WHAT IS BEING ASKED
An exact transcription is needed of the lines below from the one with "Perfume scent urn" through the one with "An exceptional antique", with no other lines and no pictures.

GIVEN DATA
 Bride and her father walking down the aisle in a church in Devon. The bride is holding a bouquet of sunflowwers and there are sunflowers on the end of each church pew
---
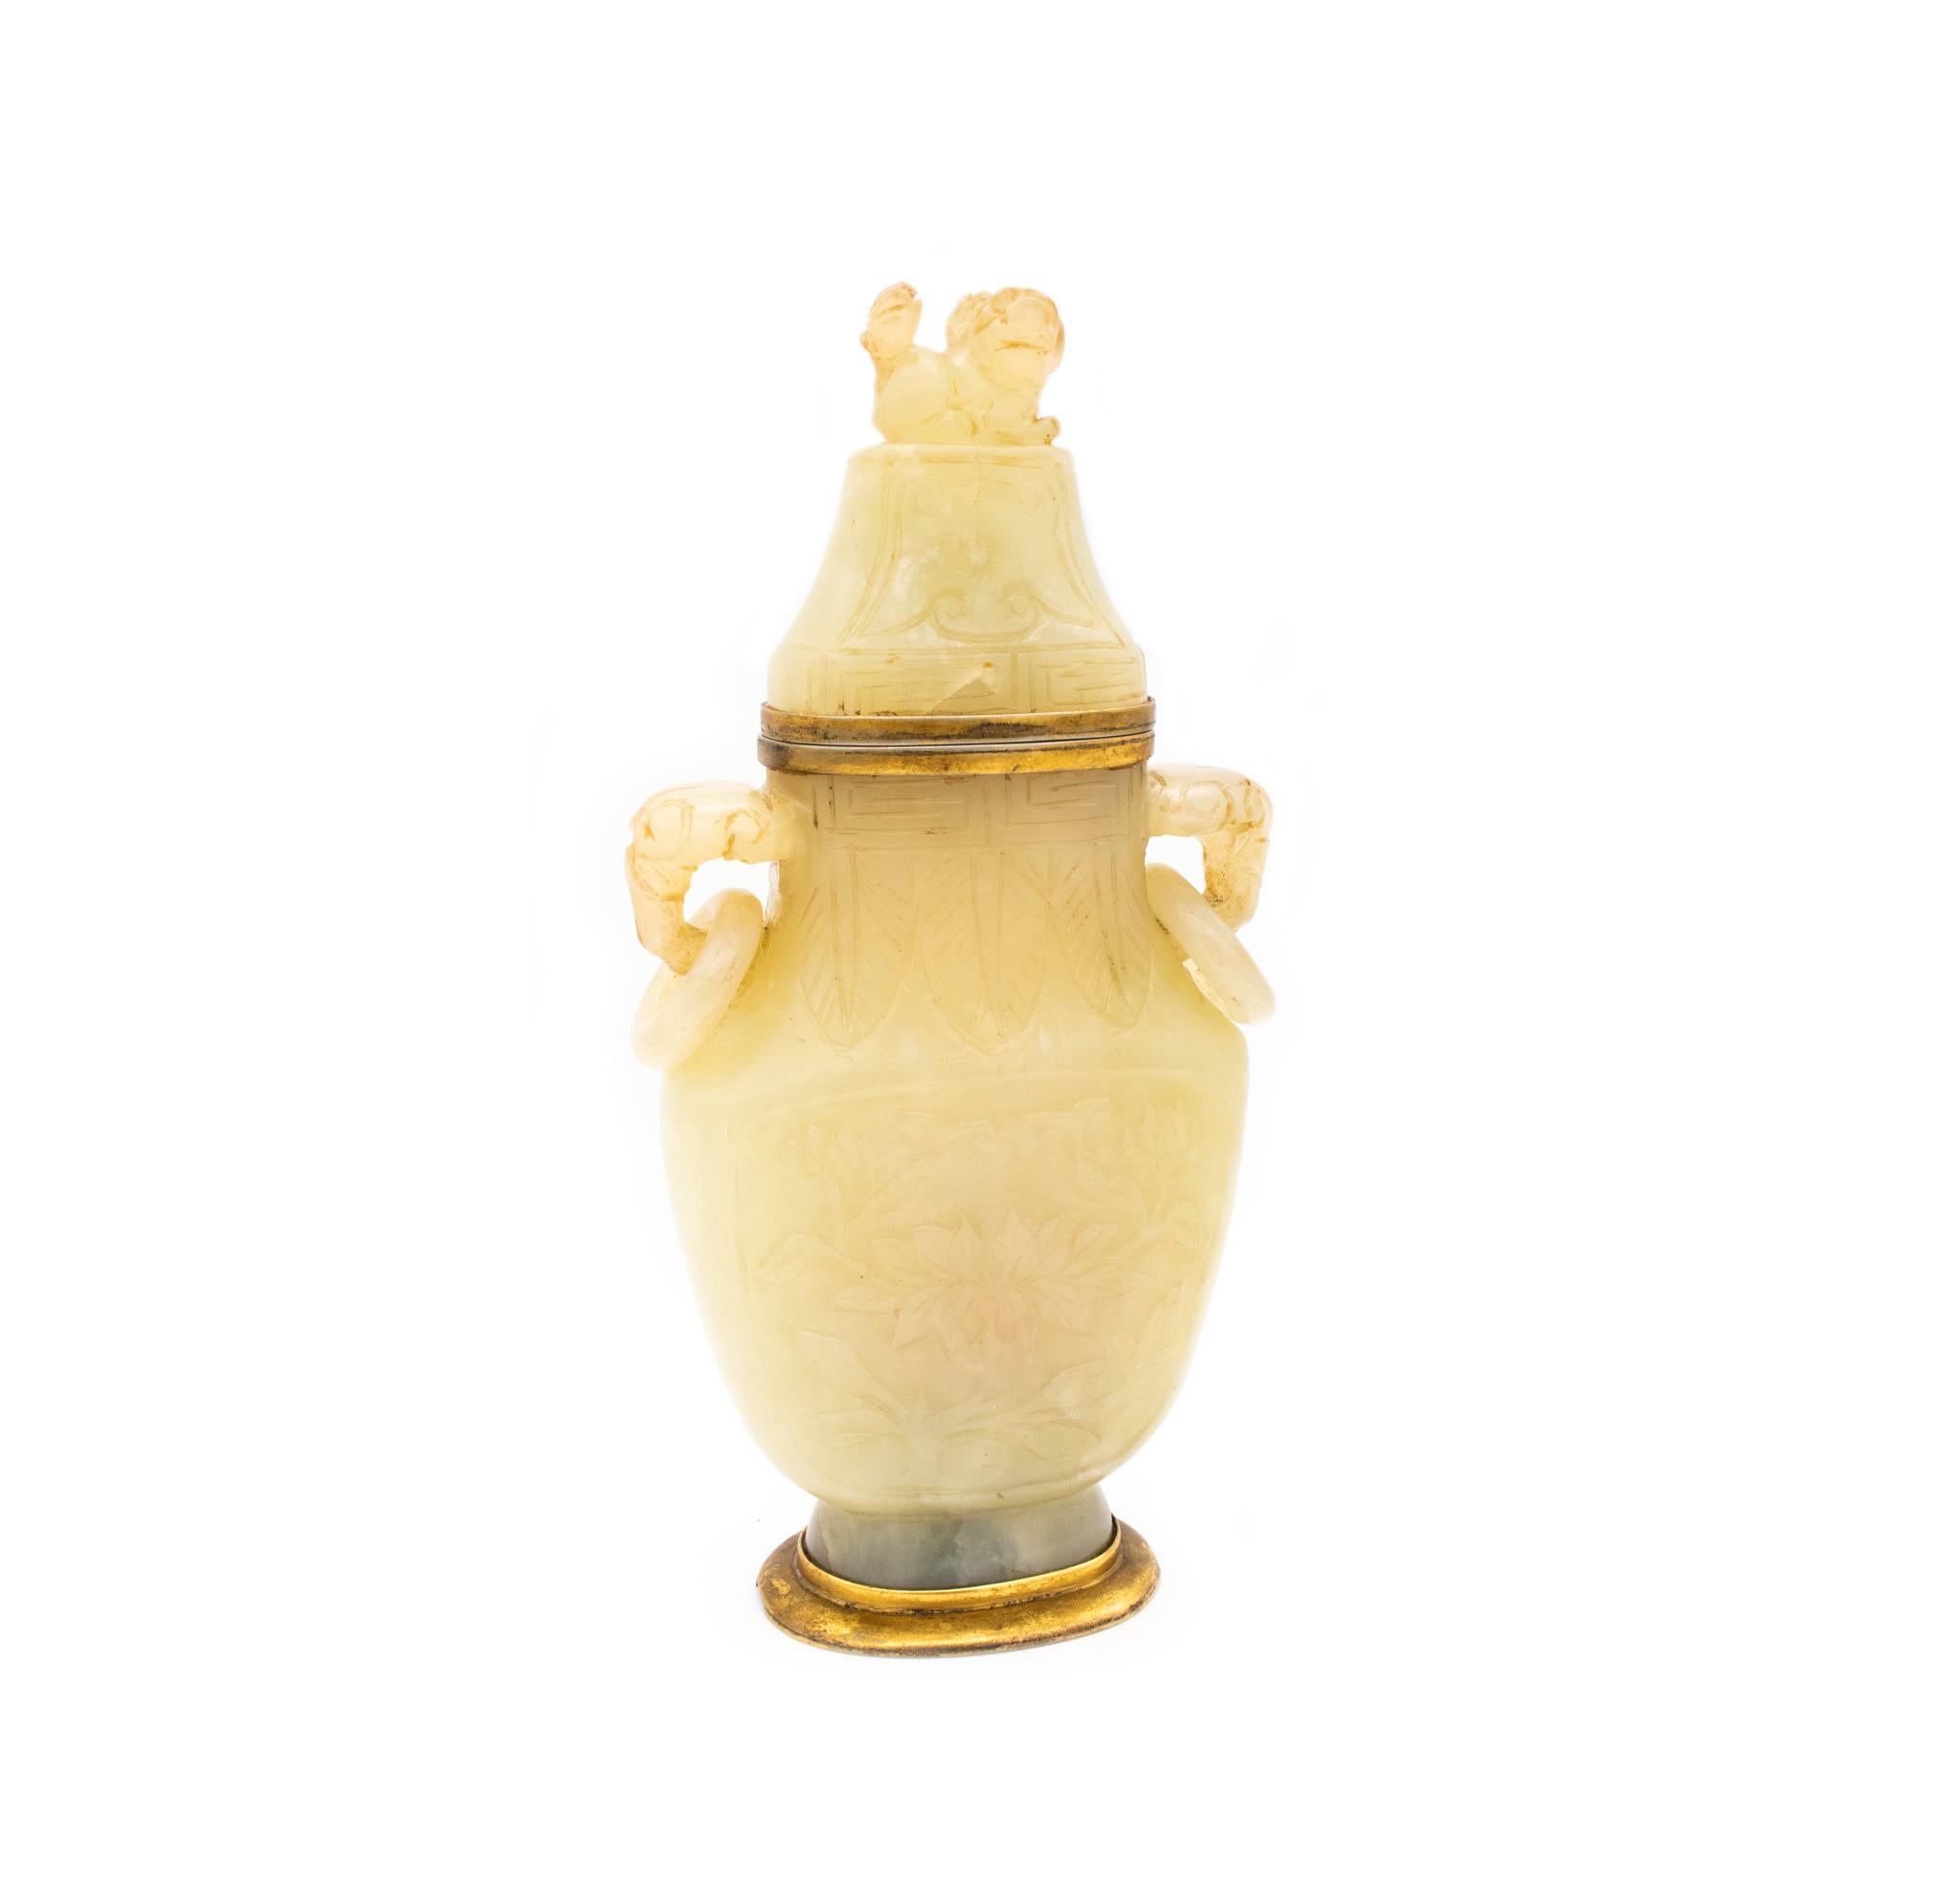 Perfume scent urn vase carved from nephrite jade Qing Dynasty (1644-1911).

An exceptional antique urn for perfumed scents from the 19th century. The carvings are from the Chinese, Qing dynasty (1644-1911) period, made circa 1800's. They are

TASK OUTPUT
 Perfume scent urn vase carved from nephrite jade Qing Dynasty (1644-1911).

An exceptional antique urn for perfumed scents from the 19th century. The carvings are from the Chinese, Qing dynasty (1644-1911) period, made circa 1800's. They are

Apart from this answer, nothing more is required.